Less than a half marathon. I suddenly realize how close I am to the finish. My body has been performing admirably, but I can tell my time is limited. Subtle sensations are becoming obtuse. Minor issues are presenting greater complaint. I’m falling apart. Slowly, to be sure, but definitely falling apart.

Many of the runners I flew by on the descent between aid stations five and six begin arriving now.

“You were so fun to watch down those hills,” says one.

“I was so jealous,” another adds. “That looked like so much fun. If my knees and quads weren’t killing me, I would have loved to do that.”

“I was just trying to not fall and die,” I tell them. But, of course, it was fun. Those technical descents are some of the best parts about trail running, less terrifying on fresh legs, but always incredible regardless.

****

There’s a porta potty at aid station six. I haven’t had a poop since before the race began and it’s not like I haven’t eaten. My guts are getting uncomfortable. I make an attempt. No such luck.

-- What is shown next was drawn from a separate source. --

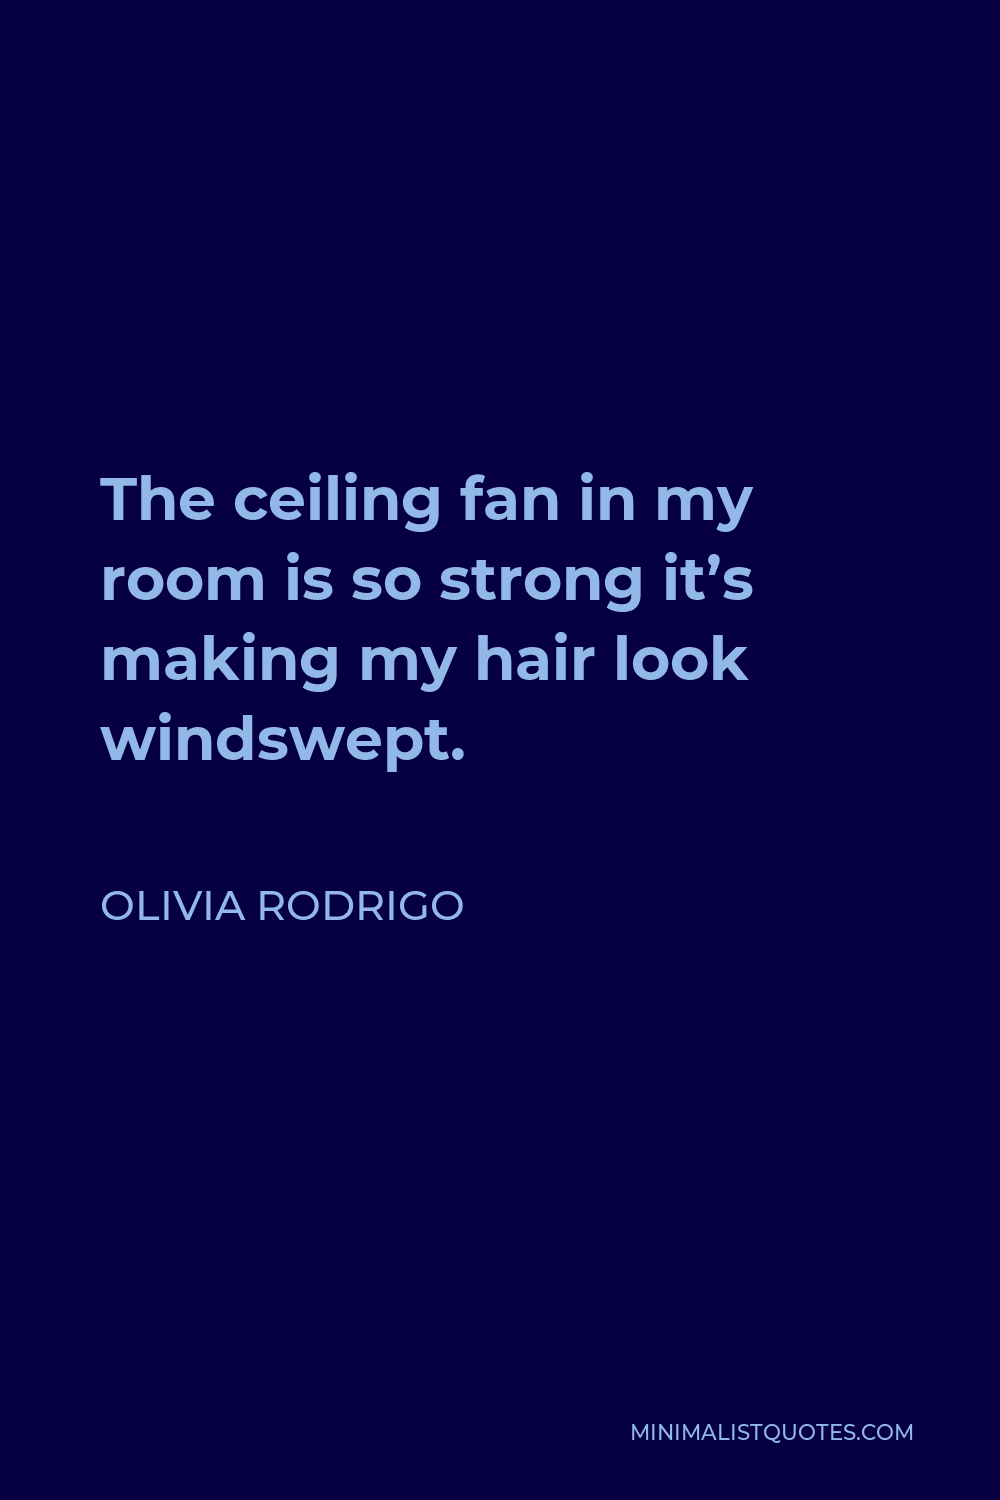 Olivia Rodrigo Quote - The ceiling fan in my room is so strong it’s making my hair look windswept.

Well, I think to myself, I have one more aid station between here and the finish. I can do my business there. It’s only 8K from here, anyway.

So I abort and exit the outhouse. I swallow a few more sodium capsules, thank the volunteers, and set off once again.

The descent continues. It’s not as technical as immediately prior to aid station six. I manage to run a good portion of this eight-kilometer stretch between the sixth and seventh aid stations, but my discomfort grows with every footfall. I look forward to the final aid station on the course and, before I know it, I’m there.

A sign greets me. “Help isn’t coming,” it says. I nod my grim understanding. If I am to finish this, I will have to do it on the strength of my own two legs. What concerns me more, though, are my lungs. 

I walk up another forest road, which leads right into the aid station. My sister is there waiting. She snaps a picture. I’m sure I look pretty haggard. When I reach the rest of my family, I shed my pack.

“Free me from this prison,” I say as I drop the thing to the ground. The physical toll of the past forty-three miles hits me in force. I look around and my heart sinks. There’s no restroom of any kind.

Okay, I think, this just got a little more complicated.

Just in case I’m not seeing it, I ask a volunteer what the toilet situation is here at the last aid station. She confirms the unfortunate news I suspected to be the case. I’m going to have to use the bushes.

I have the volunteers fill my handheld with ice and water, put some ice in my hat before placing it back on my head, take a shot of pickle juice, and set out once again for the final time.

After about a hundred yards, I hit play on my Bluetooth headset. It beeps, but no music follows that beep. Fuck. I left my phone in my pack. I’m not adding an extra two hundred yards to this race by going back for it. I’ll be doing these final seven miles in the relative silence of the Squamish wilderness.